In de aanpak is de themagerichte handhaving een succesvolle benadering gebleken. Op basis
van signalen uit de markt en de identificatie van een problematisch onderwerp, zijn gerichte
handhavingsactiviteiten ingezet. Deze speerpuntbenadering zal voor het BCD in de toekomst
van belang blijven. De schaarse middelen kunnen op die manier op de meest effectieve en
kostenefficinte wijze worden benut. Identificatie van speerpunten zal plaatsvinden op basis
van analyses, geconsolideerde toezichtrapportages over certificatie-instellingen en signalen uit
de markt. Handhavingsspeerpunten ten aanzien van Salmonella monitoren en de toepassing
van poortwachterprincipes zijn gedentificeerd voor 2007.

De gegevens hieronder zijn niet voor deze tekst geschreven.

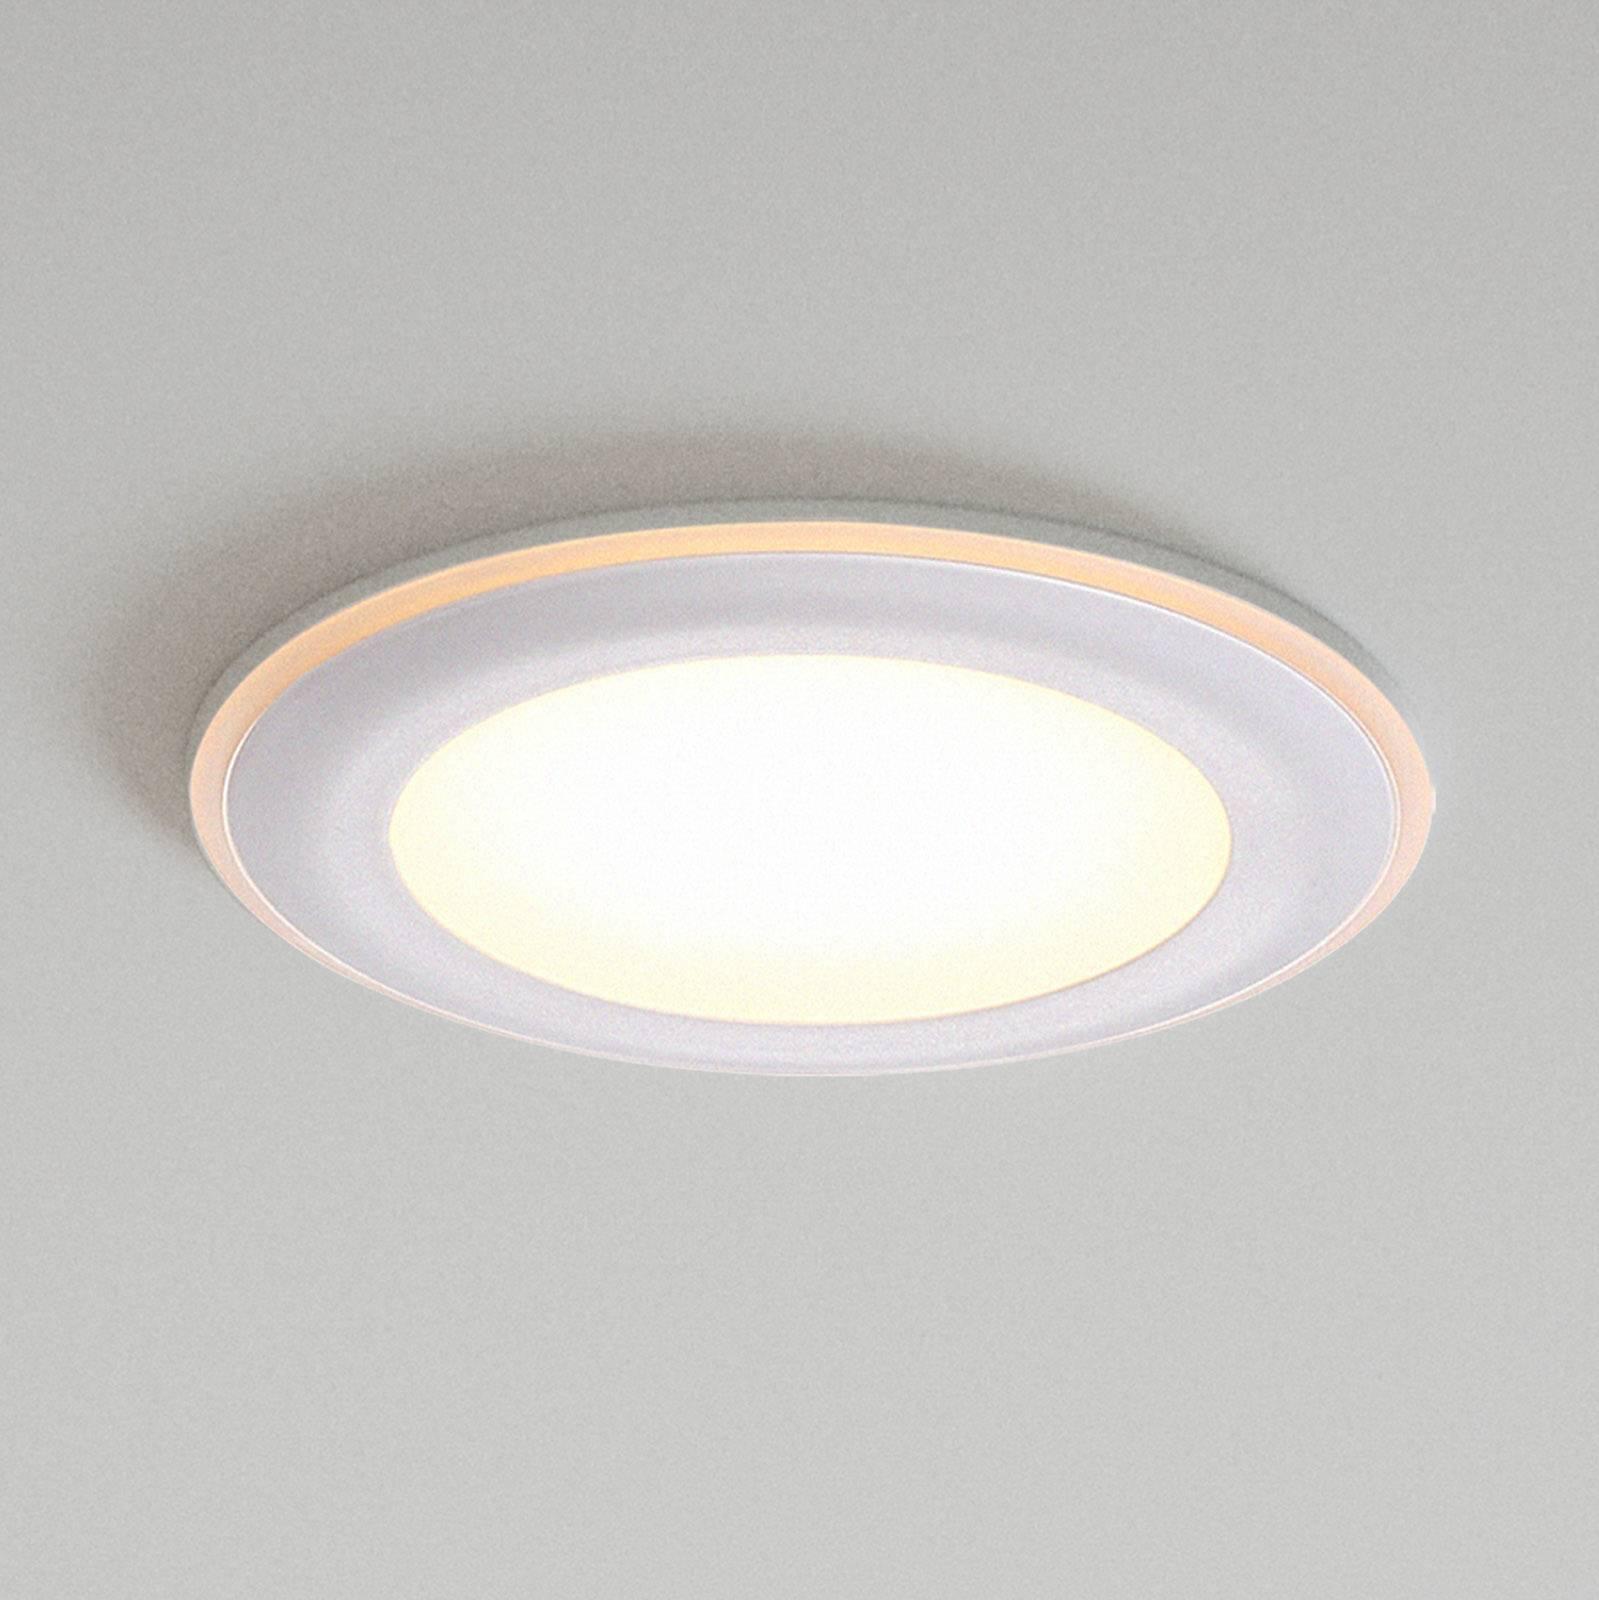 LED-kattouppovalaisin Elkton, Ø 8 cm

De ervaringen in 2006 met het handhavingsbeleid ten aanzien van certificatie-instellingen en
de informatie uit de geconsolideerde CI rapportages leidden tot de conclusie dat een beter
gedifferentieerd handhavingsbeleid gewenst is. Het beleid dat thans beschikbaar is, is beperkt
tot het vastleggen van een tekortkoming en vervolgens het schorsen en/of het intrekken van de
acceptatie van de hele certificatie-instelling voor alle GMP activiteiten. Gebleken is, dat er grote
verschillen bestaan tussen individuele auditoren. Bovendien, is de stap erg groot van een tekortkoming van de 2de categorie zonder consequenties voor de bedrijfsvoering naar een tekortkoming van de 1ste categorie met de consequentie schorsing en/of intrekking acceptatie. Op
basis van de ervaringsfeiten gedurende het jaar 2006, is een fijner, gedifferentieerd handhavingsbeleid wenselijk. BCD zal dit ontwikkelen voor implementatie gedurende het jaar 2007.

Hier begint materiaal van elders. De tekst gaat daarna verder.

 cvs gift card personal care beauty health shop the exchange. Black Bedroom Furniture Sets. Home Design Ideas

Tot slot mag vastgesteld worden, dat het GMP+: 2006 een zeer positief jaar 2006 heeft gekend. Het aantal gecertificeerde bedrijfslocaties is gestegen tot ver boven de 7000 en nog
groeiende. Hoewel de overgang van de 2003 standaarden naar het nieuwe schema extra inspanningen en aanpassingen vergden van het bedrijfsleven en de certificatie-instellingen is de
ontwikkeling kwalitatief en kwantitatief als goed te beschouwen en maakt het schema een positieve ontwikkeling in de markt door. Zorg voor betrouwbaarheid en consistentie in het schema
blijft geboden om deze positieve ontwikkelingen vast te houden en verder te verdiepen.